Harga ini naik Rp178 per kg dibandingkan perdagangan Rabu (28/1/2026) yang berada di level Rp31.336 per kg.
BACA JUGA: Harga Karet SGX–Sicom Rabu (28/1) Naik Rp 402 per Kg
Kenaikan lanjutan ini memperpanjang tren positif harga karet yang dalam beberapa hari terakhir bergerak menguat. Penguatan harga global serta pergerakan nilai tukar rupiah menjadi faktor utama yang mendorong penyesuaian harga di pasar domestik.
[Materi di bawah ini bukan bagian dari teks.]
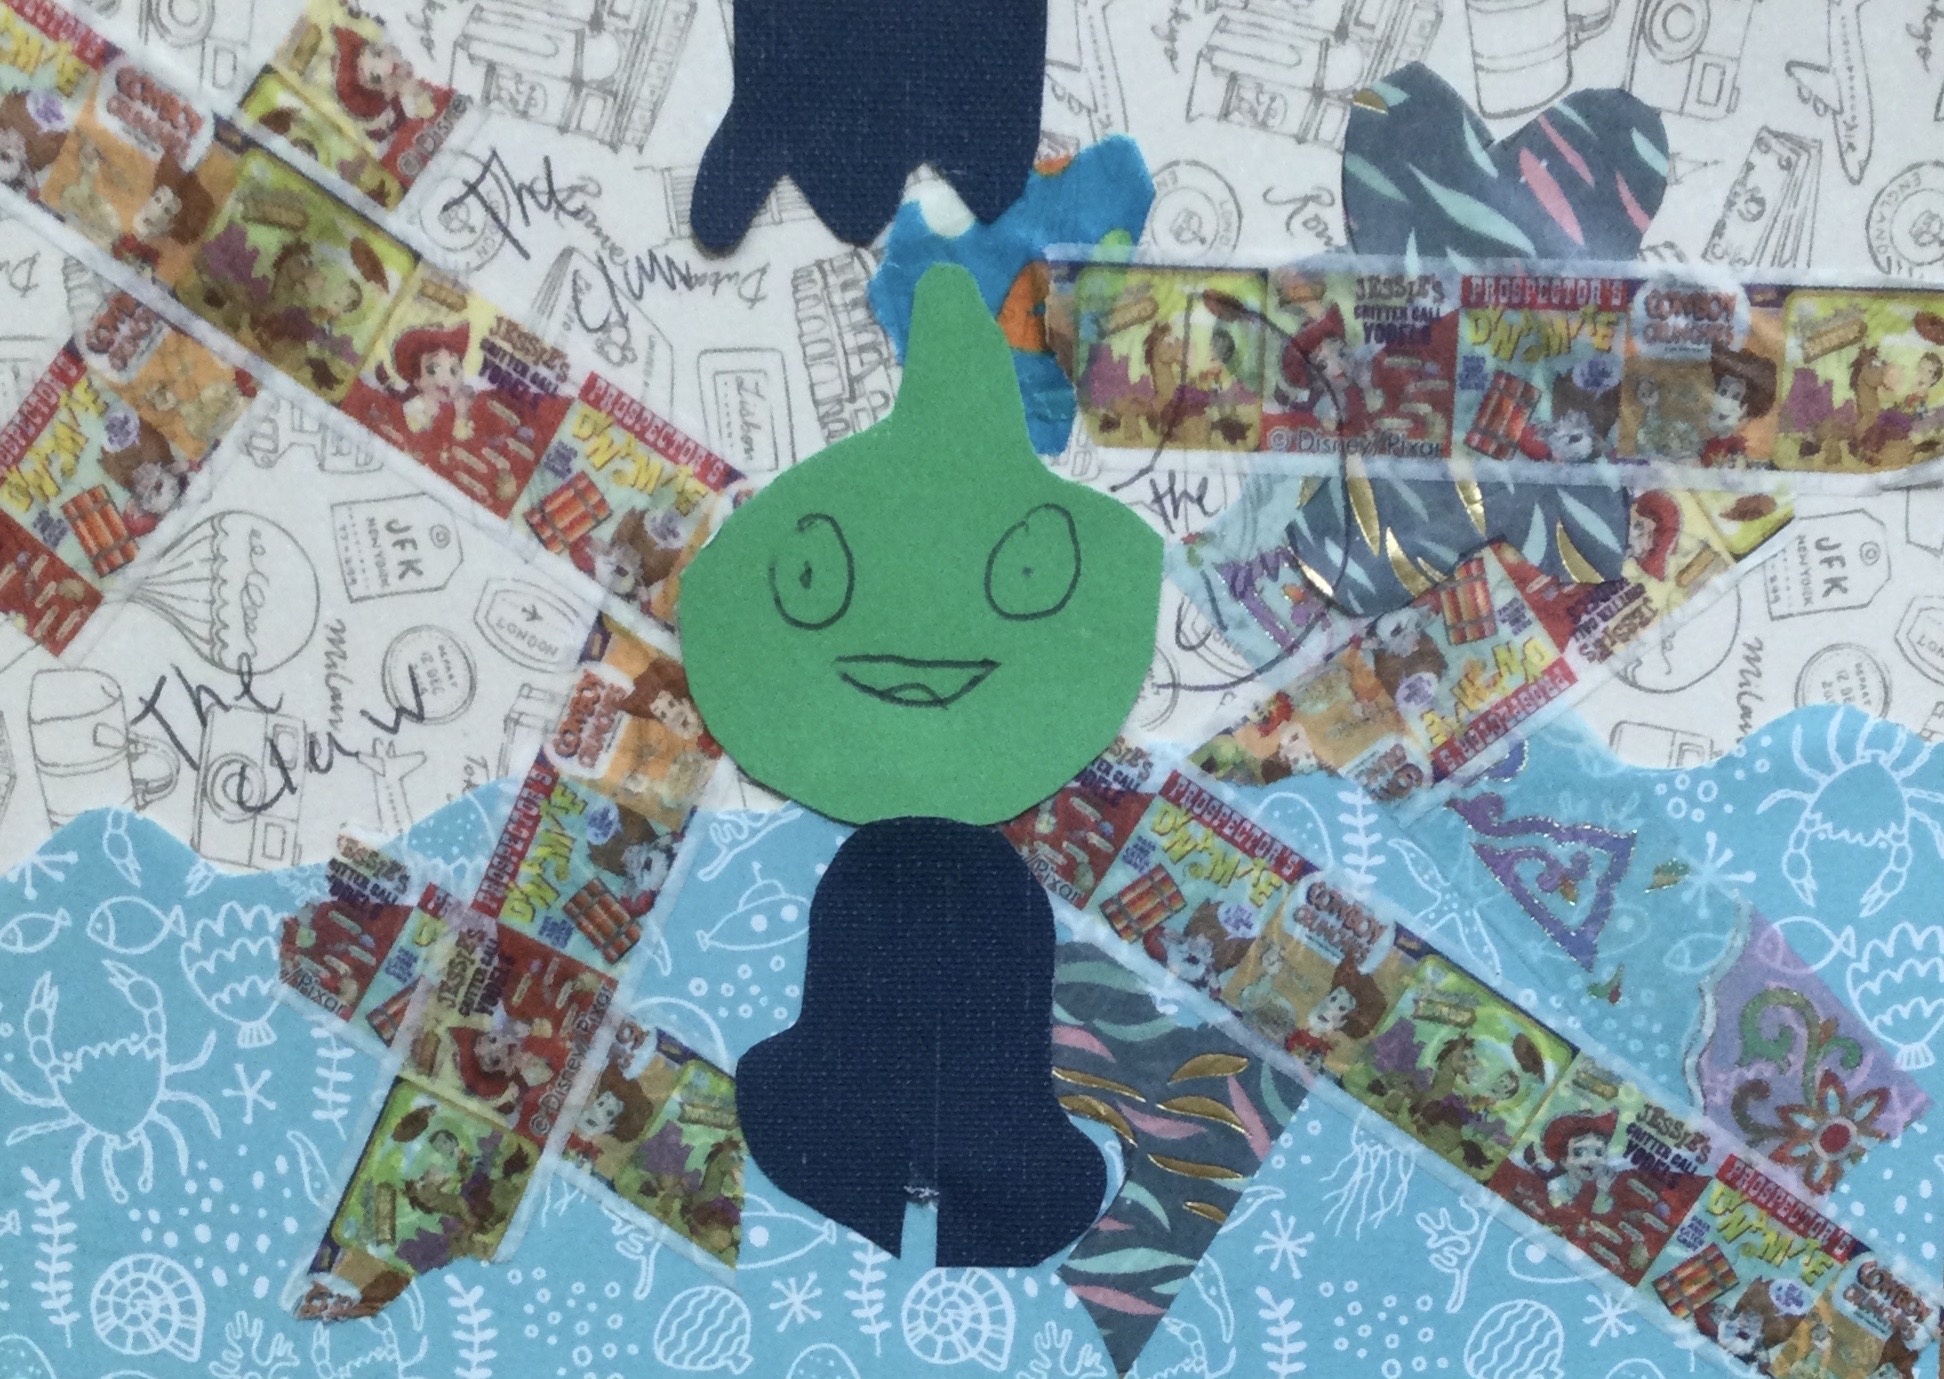 A collaged postcard with blue patterned paper overlaid with cartoon tape and a cut-out cartoon character

Menurut Sekjen Asosiasi Petani Karet Indonesia (Apkarindo) Sumsel, Rudi Arpian, harga karet global menutup akhir Januari dengan penguatan beruntun mencerminkan kepercayaan pasar yang kian solid setelah fase koreksi di awal bulan.
“Kenaikan yang bertahap dan konsisten menjadi sinyal bahwa arah pasar mulai stabil dan sentimen positif tetap terjaga,” kata Rudi dikutip Agricom.id, Kamis (29/1).
BACA JUGA: Kementan Pacu Hilirisasi Kakao dari Hulu, Benih Unggul dan Regenerasi Pekebun Jadi Prioritas
Lebih lanjut Rudi menghimbau, “Petani perlu terus menjaga kualitas bokar—harus bersih, bebas kontaminan, dan menggunakan bahan pembeku yang dianjurkan—agar penguatan harga benar-benar bisa dinikmati,” pungkasnya.
Berikut adalah rincian harga karet di SGX Sicom berdasarkan kadar karet kering (KKK) atau Dry Rubber Content (DRC), harga ini belum dipotong biaya produksi:
- KKK 100%: Rp 31.514,-/Kg
- KKK 70%: Rp 22.060,-/Kg
- KKK 60%: Rp 18.908,-/Kg
- KKK 50%: Rp 15.757,-/Kg
- KKK 40%: Rp 12.606,-/Kg
- KKK 30%: Rp 9.454,-/Kg
Sebagai informasi, SGX SICOM merupakan salah satu bursa komoditas utama di Asia yang memperdagangkan berbagai jenis karet alam. Bursa ini menjadi acuan bagi harga karet di pasar internasional, sehingga pergerakan harga di SGX Sicom sering kali mencerminkan kondisi pasar global.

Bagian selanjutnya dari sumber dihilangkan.